Sitting there at the bar with Cain beside me, I gulped down shot after shot. Colt had announced that we were taking a trip upstate in a couple days to take Cain to see his sister Rosa, where she'd been holed up in a safe house and he was happy as a pig in shit. But he was desperate to just go and Colt was wanting to wait until he could be sure things were safe.
My best friend slapped my back. “So come on, buddy. If I remember right you and I used to tell each other stuff. So who is she and why do you look like you lost a hundred and found a dollar?”
Cain's words filtered through my alcohol fogged mind and I chuckled. “She's nobody.
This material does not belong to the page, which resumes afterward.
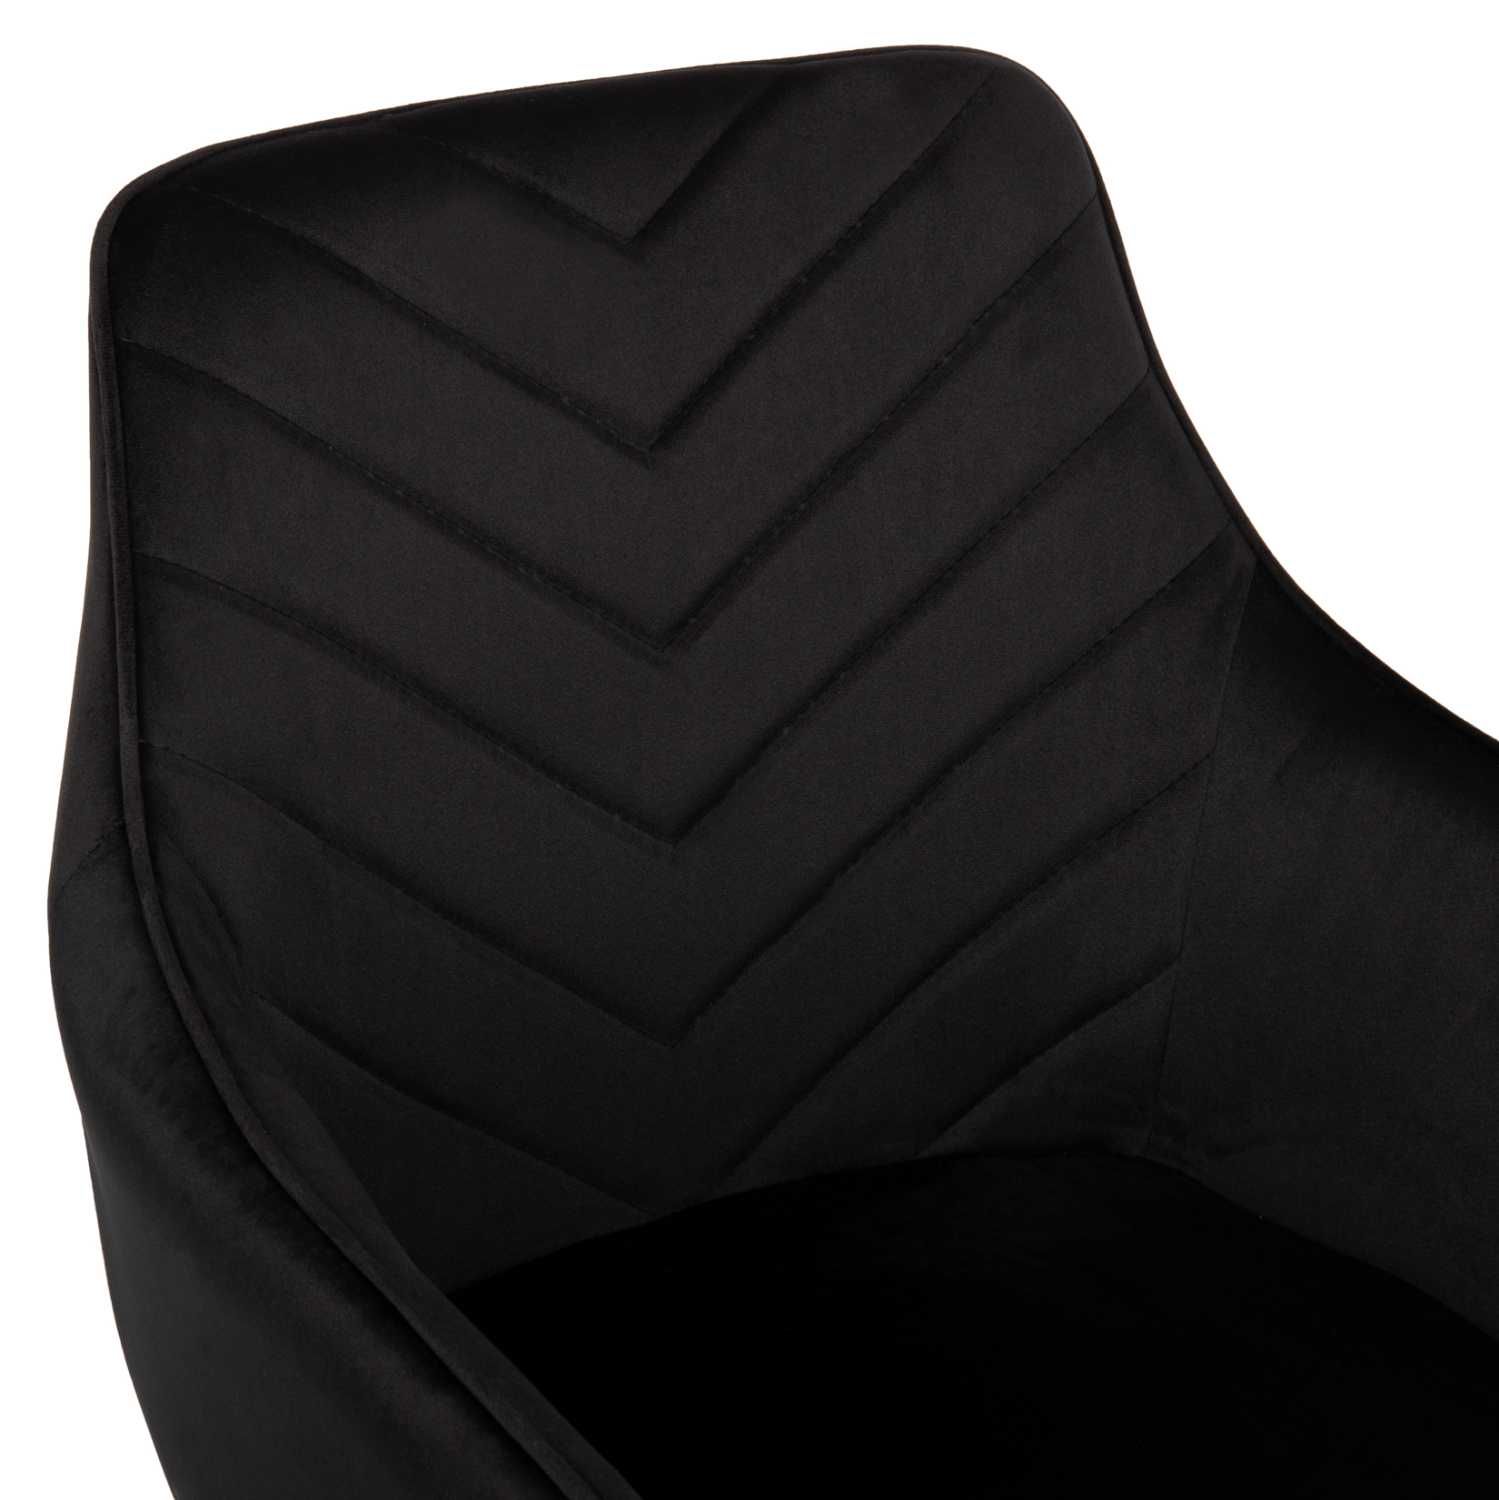 Кресло LATRELL, Черно кадиве, Промо цена, 55x57x84см.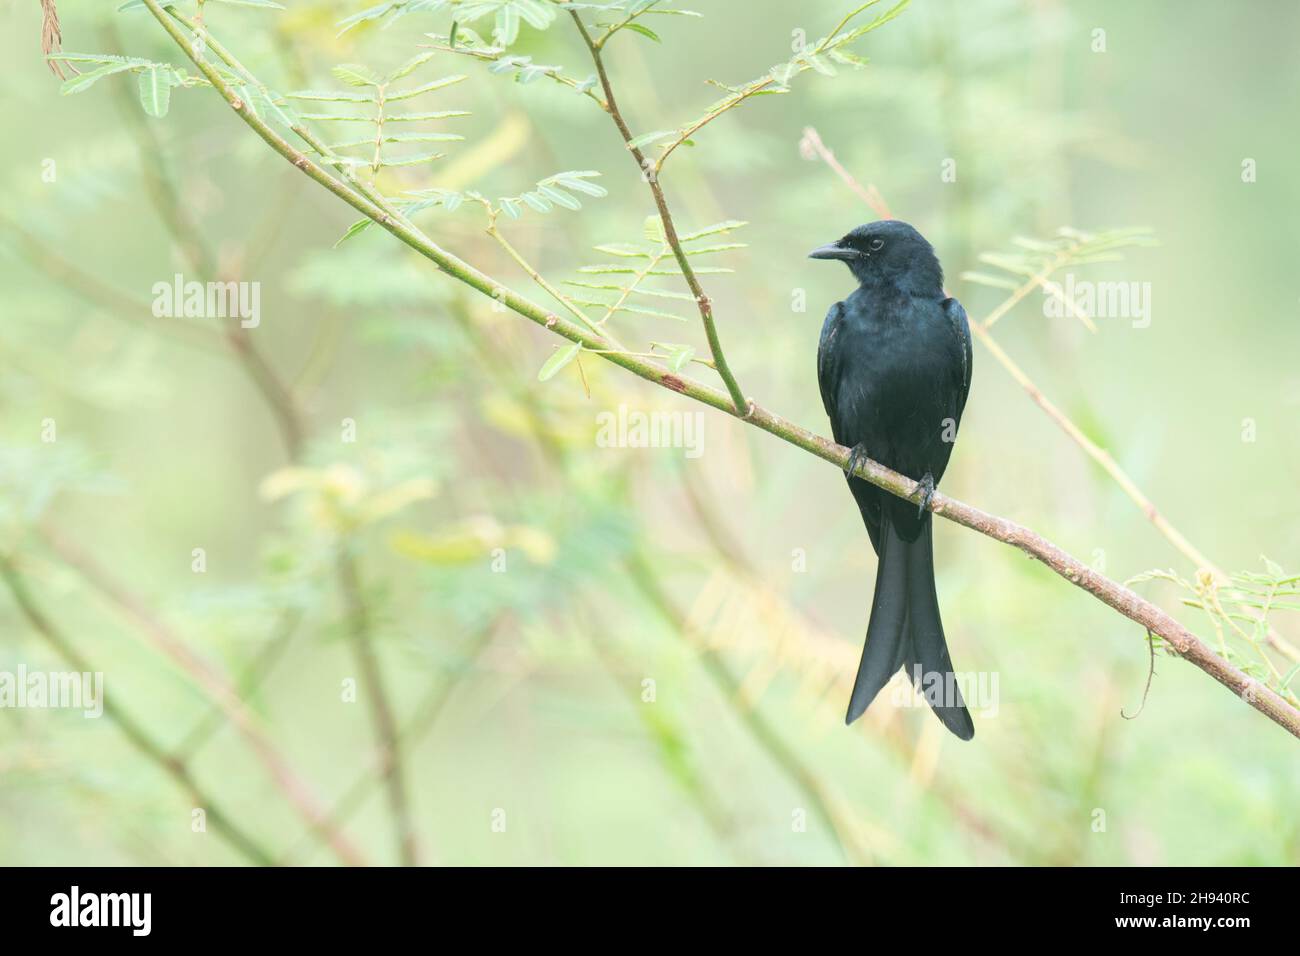 Le drongo noir (Dicrurus macrocercus) est un petit oiseau de passereau asiatique de la famille des Dicruridae.C'est un éleveur résident commun dans une grande partie de tr Banque D'Images

Not anymore.” My stupid sing song voice sounded ridiculous and Cain punched my arm lightly. What was it with the guy and physical contact?
He shook his head. “Nuh-uh. Not taking your bull. I know you got stuff going on in your head. I can tell. Spill it douche. For no other reason than to take my mind off my own crap.”
I knocked back another shot of tequila and hissed in through my teeth as the alcohol burned its way down my insides. “You know that sweet, doe eyed library girl?”
“Chloe? Yeah, sure, man. You got it bad for her huh?”
I shook my head. “Had it bad. Past tense.” I pointed in his face. “Passssst.”
He laughed at me again and rolled his eyes. “Whatever dude. You're hooked. So what's the problem? It was clear to me she had a major crush on you.”
I laughed without a single ounce of humor. “Again, passsst tense.”
“You guys had a lovers’ tiff?”
“Let's just say I fuckin' ruined it all. Like I always do. I stalked her. Got obsessed. Fell fuckin' hard and then got kicked in the ‘nads. She fucked me and dumped me all in the same night, bro. How's that for bad romance?”
He cringed. “Whoa. Ouch, that's bad, Six. I'm sorry, bro. No chance of you two getting back together?”
I shrugged so hard I wobbled on my bar stool. “Nope. She's off with some fucking prissy guy called Zak. All clean cut and shit. Total opposite of me.”
His eyes widened and he gripped my shoulder. “No way? Wow. It seems you and I have suffered a similar fate my friend. Women huh?”
“Yup. Can't live with 'em...can't fuckin' get 'em out of your damn head.”
He leaned toward me and glanced around conspiratorially. “Do you think it was love?” His voice was low as if he was afraid to ask.
I suddenly felt sober at his question and an unwelcome clarity descended over me. “Yeah. No doubt about it.”